The pro-angiogenic vascular endothelial growth factor (VEGF) and its receptor (VEGFR) are thought to play an important role in the start of tumour angiogenesis (Ferrara et al, 2003). Angiogenesis is a key regulator of NB growth, and tumour vascularity is associated with high-risk illness (Peddinti et al, 2007). Expression of VEGF and VEGFR correlates with a higher stage of NB (Komuro et al, 2001) (Sköldenberg et al, 2009). Bevacizumab is a humanized monoclonal VEGF-neutralizing antibody, which was approved by the Food and Drug Administration (FDA) in 2004 for the treatment of metastatic malignancy treatment regimens (Hurwitz 2005), which has revolutionised the therapy paradigm by enhancing overall and/or progression-free survival, making it the standard of care for a variety of advanced malignancies (Garcia et al, 2020).

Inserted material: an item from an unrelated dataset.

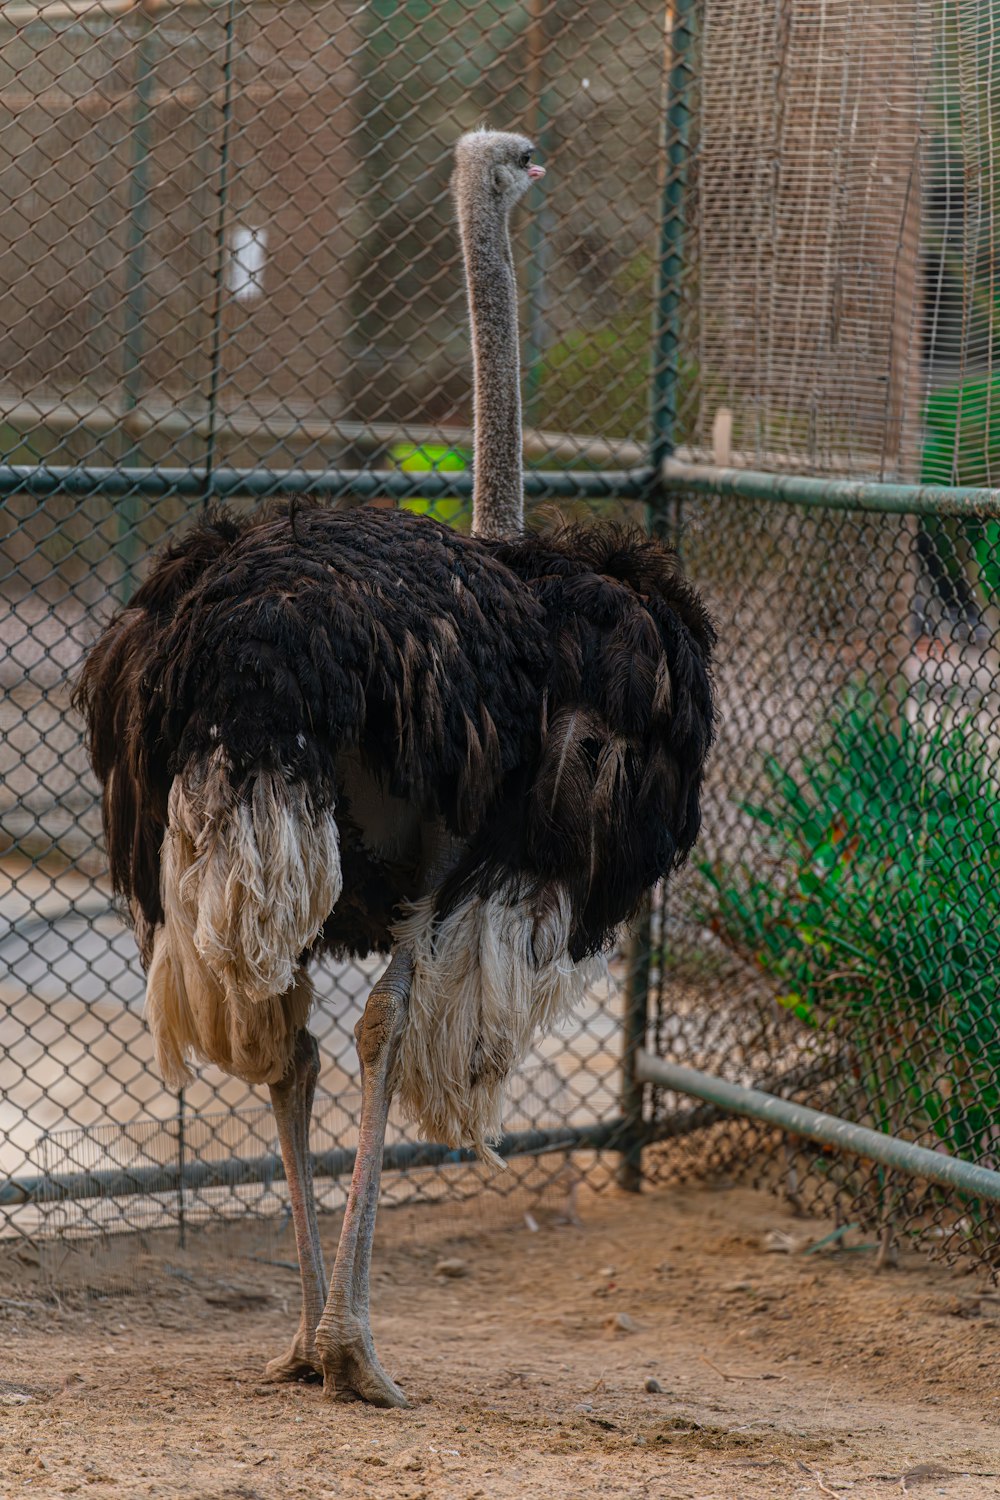 un avestruz parado en un área cercada

§Recently, the ITCC-SIOPEN BEACON-Neuroblastoma Trial (age 1-21 years) reported improved overall response rate (ORR) and progression-free survival (PFS) (n=106) with the addition of bevacizumab in relapsed/refractory NB in phase-2 study (Moreno et al, 2017). The BERNIE study evaluated the role of bevacizumab as part of the multi-modality treatment of children and adolescents with metastatic soft tissue sarcoma (age 6 months to <18 years) (n=154) and observed that the addition of bevacizumab to chemotherapy was tolerable in patients with metastatic soft tissue sarcoma. There were no treatment-related deaths and no increased incidence of grade 3/4 toxicities with bevacizumab (Chisholm et al, 2017). In another study, De Pasquale et al used bevacizumab in 17 pediatric patients with high-risk malignancies (n=4, stage IV NB) (De Pasquale et al 2011). Modak et al reported a safety profile of bevacizumab in children with refractory/relapsed NB in combination with irinotecan, and temozolomide (Modak et al, 2017).
The main objective of the present study is to investigate an anti-angio-invasive drug with induction regimen in combination. This study aims to evaluate the efficacy and safety of the addition of bevacizumab to conventional induction chemotherapy in patients with high-risk neuroblastoma.